I have a Bobcat 773 that I just purchased used last week and I do not think it has a block heater. Where are they located on these machines and if there isn't one can they be installed? If so please let me know where to get one and the cost as well as the difficulty of installing it.


----------



## 4700dan (Nov 20, 2008)

JSC Inc;1346481 said:


> I have a Bobcat 773 that I just purchased used last week and I do not think it has a block heater. Where are they located on these machines and if there isn't one can they be installed? If so please let me know where to get one and the cost as well as the difficulty of installing it.

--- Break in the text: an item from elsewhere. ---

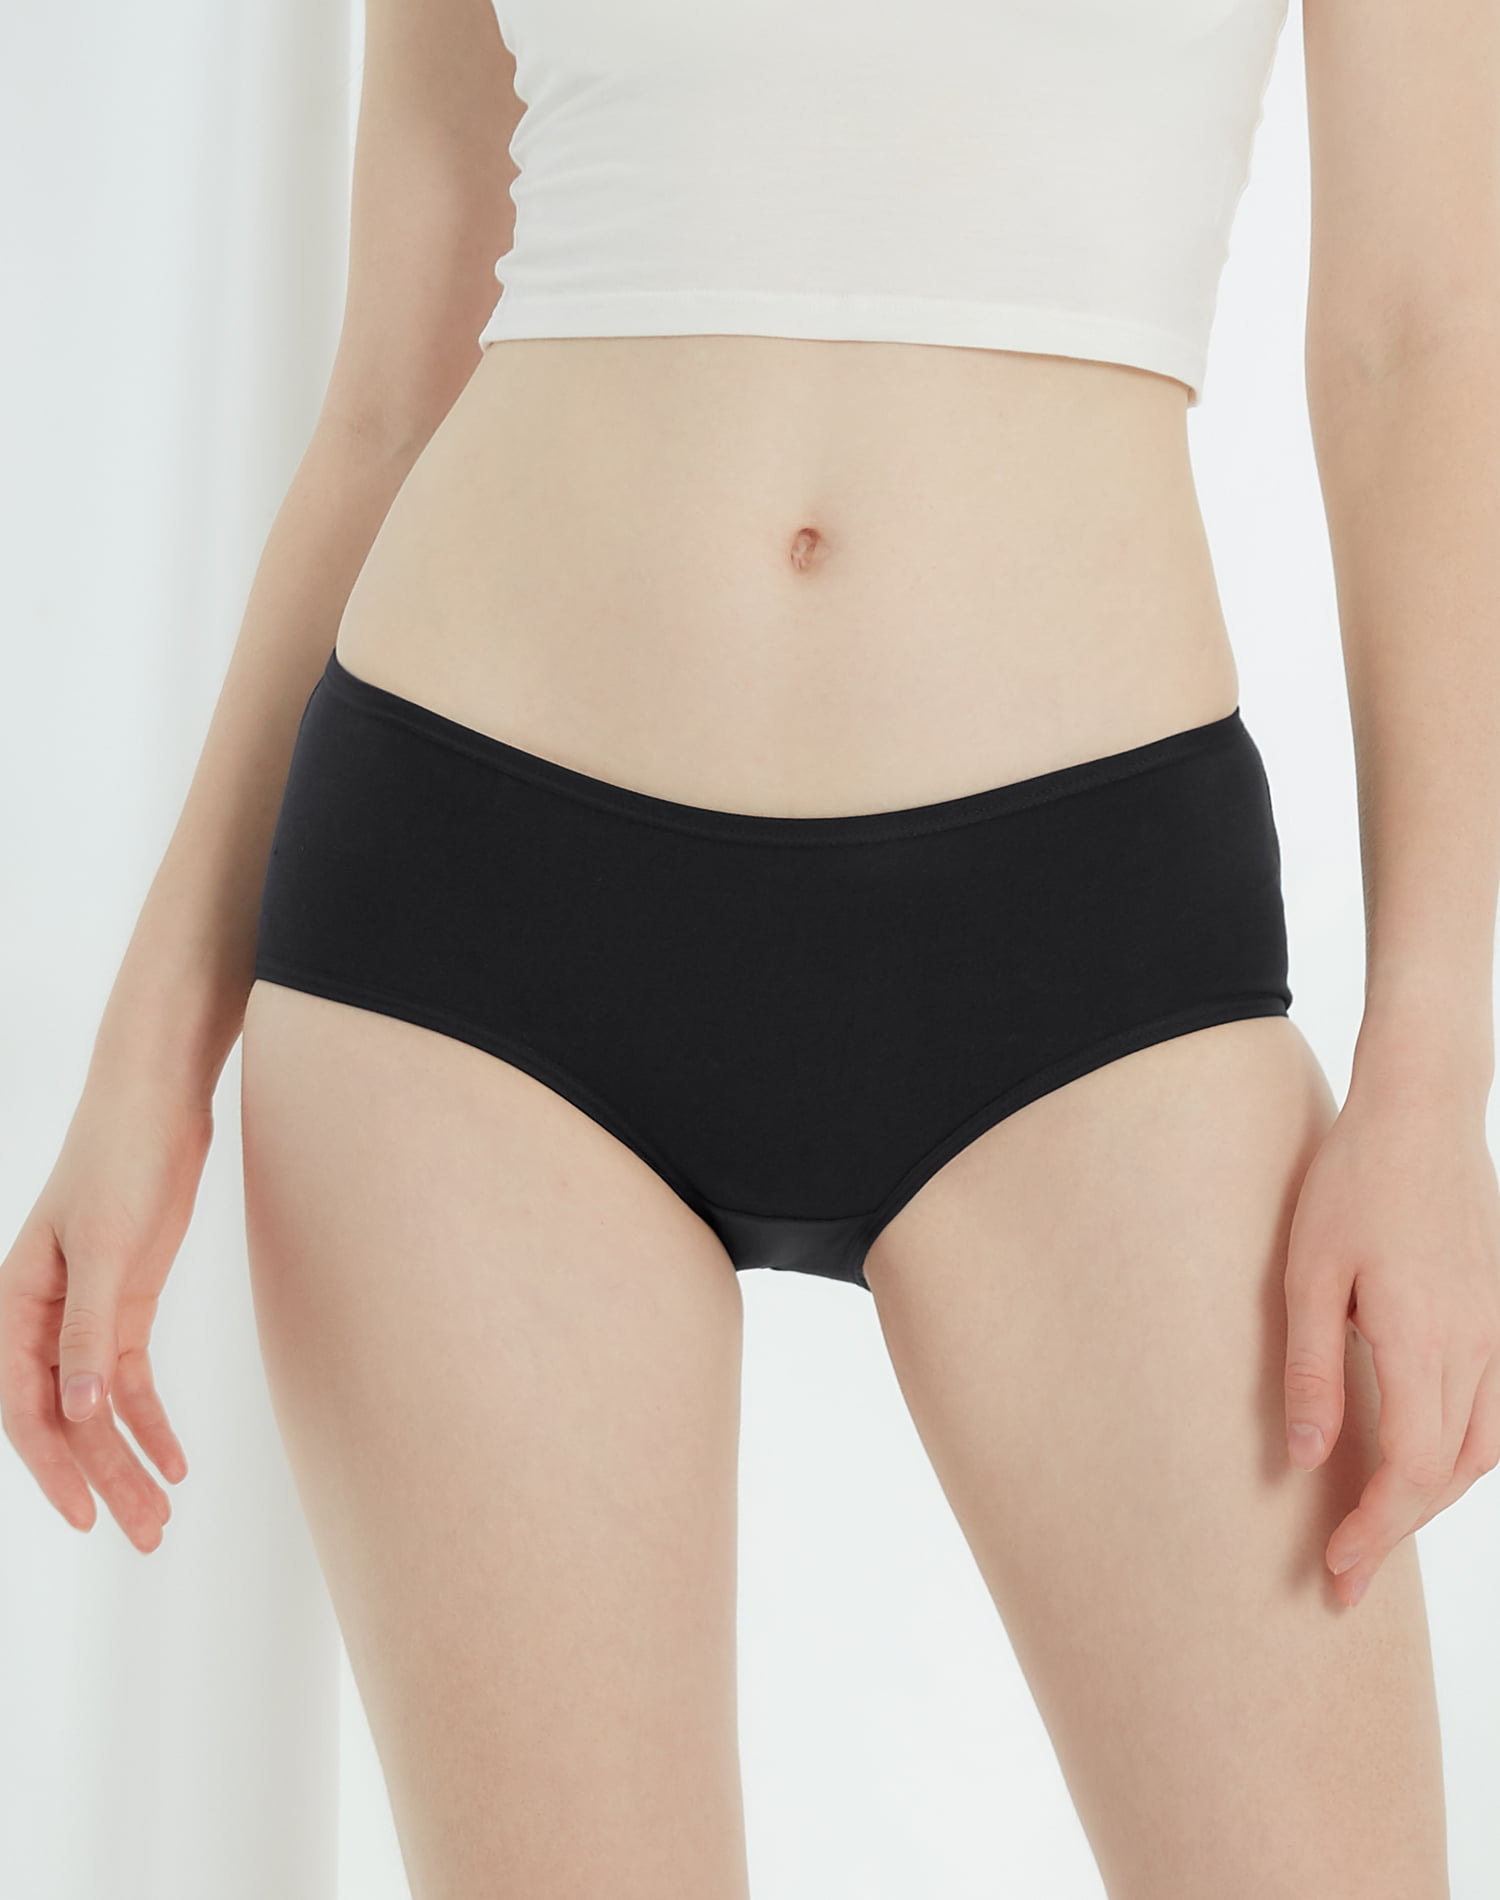 INNERSY Girls Underwear Cotton Briefs Panties for Teens 6-Pack (S(8-10  yrs), Black)

If you can not find it then it more than likely will not have one, there are a couple was to get one installed a cheap way but not very good is the dip stick heater or the best one to use is the unit you have to install in the motors water jacket, which means you have to remove a freeze plug an install these are a pain in [email protected]@ to do but best way


----------



## White Gardens (Oct 29, 2008)

Instead of the one in the water jacket, you can plumb in a Re-circulating heater into the water lines to avoid the hassle.

...


----------



## RLM (Jan 12, 2006)

I had one installed in that same machine( 773G) at the dealer a couple years ago $ 350, out the door if I recall, that is a true block heater though, as mentioned above. Bobcats can get tough to work on because there is so much cramed into a tight package.


----------



## fordsuvparts (Jan 7, 2008)

We had one installed on a T190 several years ago and it was around 400.00 at the dealer. I wouldn't even think of trying that one on my own, they really suck to work on, no wonder the dealer charges so much.


----------



## Greenery (Jun 23, 2007)

There actually pretty easy, give the freeze plug a couple taps on one side to get it cockeyed then pry it out. Next push heater element in, tighten and done. Oh and secure your plugin wire. The frost plug should be easily accessible on upper left side it's about a 1.5-2 inch plug. 10 minute job. I think about $20 bucks from bobcat


----------